Бабушка
Миг сентября
Неспелое солнце сентября нависло над горизонтом, над тем природным «столом», который всегда разноцветный: то малиновый, то свинцовый, то апельсиновый.
Словом — разный.
Но, в каком бы не предстал цвете, завод пружины в часах дня тугой.
Неслышно тикают. Ещё, самая малость, несколько минут, и светило оплавится до красноватой ленточки.
И не возвратится вечерний миг бытия, миг сентября.
Не встанут из пепла стебли подсолнечника, перекусанные пламенем костра. Трещит и не чувствует как томно вздохнула сытая, нагретая земля, как от неё поднялся пар к небу, как коснулся губ моей бабушки и поцеловал.
Вдохнула Прасковья, призадумалась.
Подбородок — на руки. В «замок» на торец черенка вил.
И… накатились думы!
Дума за думой
«Осень накатилась, как старость, не сразу, будто поджидала, когда соберётся урожай с огорода, когда очистят до последней, сухой тыквенной плети».
Торопятся думы души, как сентябрьский холодок, исподволь. Их, даже, тёплый платок не греет.
Друг около друга, теснятся и теснятся…
«Пришло время, и, отторгнутый от земли, бурьян горит. Знай себе, стреляет, как и шершавые стебли подсолнуха, в разброс: искрами, а они, светлячки, вспорхнут и, вскорости, съёжившись, гаснут. Становятся бездыханным пеплом.»
Память пытается обрисовать улыбку мужа.
Да где там: не припомнится!
Размыты временем черты дорогого лица. Только лишь
фотографии, в деревянной рамочке, под стеклом, хранят его образ.
И следом, следом мысли о сыне.
«Василию, ныне, вон сколько забот о здоровье. Не «вылезает» из туберкулёзного диспансера. Проклятая война зацепила лёгкие. Пока есть телесная мощь, выпутывается из сетей болезни, но с каждым годом труднее и труднее.
Особенно тяжко, просто невмоготу, весною и осенью.
И как держится за край жизни?
Так умаялся, так умаялся!
Исхудал!
Остались только кожа, да, вымученные болезнью, глаза.
Незавидная досталась доля!
И жить-то нежил! Детей — трое: мал-мала! Радоваться бы вместе. Доучить детей.
И работать ещё бы мог агрономом в колхозе.
Ан — нет!»
Огородные заботы
Ах! День-деньской, как я, по-хорошему завидую Прасковьи. Да как же она дружит с тобою, день. Столько то лет вместе: ты и она.

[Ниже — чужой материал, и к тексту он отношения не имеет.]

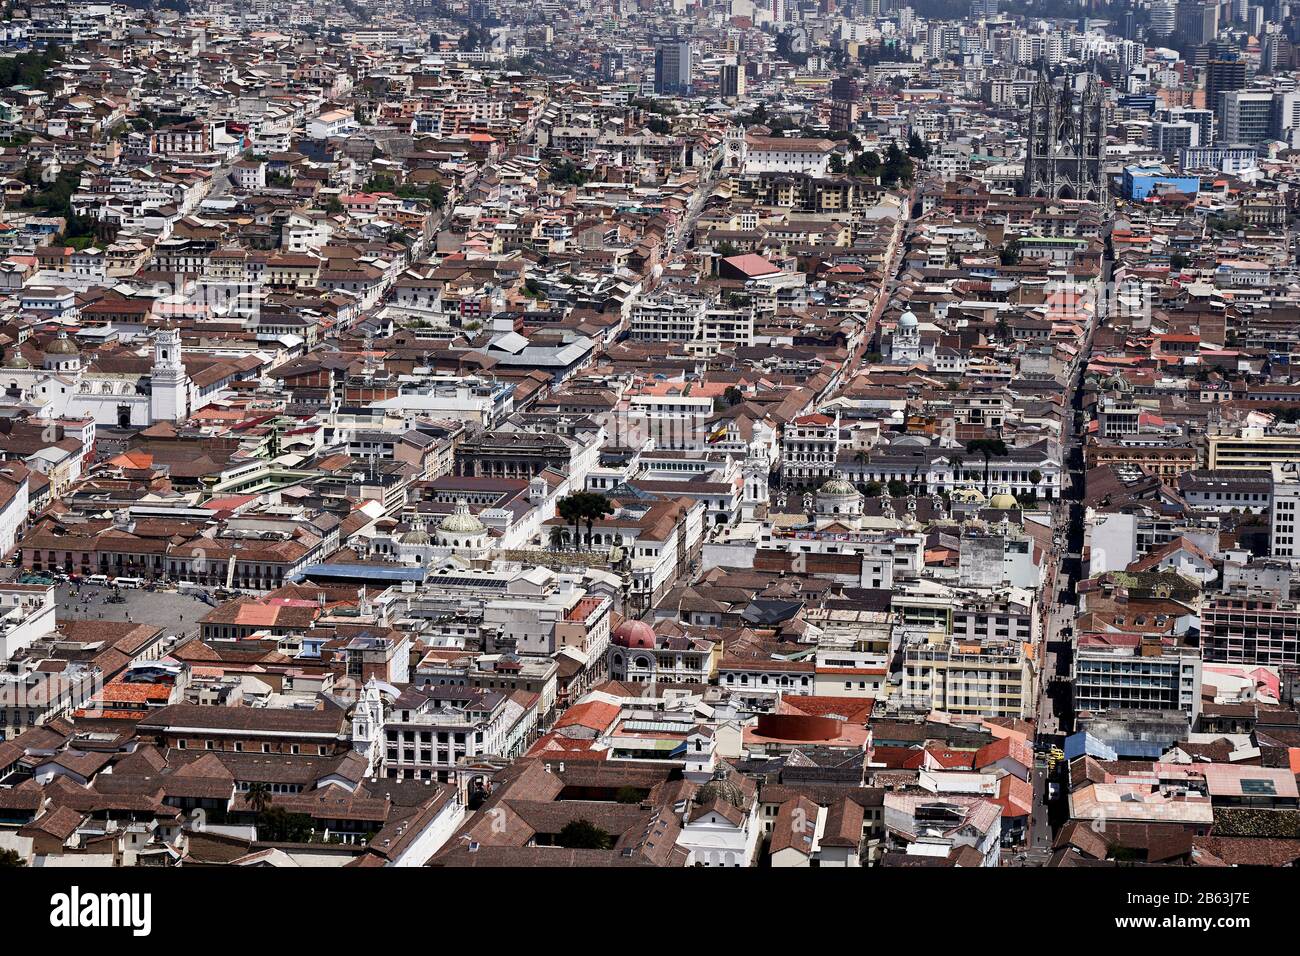 Cityscape of old town, Quito, Ecuador Stock Photo

Понимаю: у госпожи Вечность, дней жизни достаточно.
Но как, как уму, не взирая на изношенность тела, приучить дружить с тобою… день-деньской?
Только Прасковья, пожалуй, знает, потому что ценит светлое время дня: то поливает капустные грядки. А они, как известно, водохлёбы. Пока в их «головах» «химичит» аш два о, они живы, а испарится, то вянут, вянут бедолаги.
— Охо-хо!! — качнёт седой прядью бабушка. Хоть и намаялась севодня, но всё же вас попою.
И, только видно: туда-сюда мелькают вёдра полные воды.
Не дети, овощные плоды, а поди ж ты!
Удивлялся.
Теплело в душе.
Часто, без просьбы о помощи, таскал вёдра: то огурчикам, то сеньору-помидору, то капусте, то остальным «поселянам» огорода.
А вот если бабуля, проведав грядки, увидит, что шустро, в рост, как в атаку, двинулись сорняки, то она ранком встаёт и мотыгою, мотыгою под корешок, приговаривая:
— А! Разгулялись, нехристи. Спасу нет: соки земли тянете, белый свет застите, идолы зелёные.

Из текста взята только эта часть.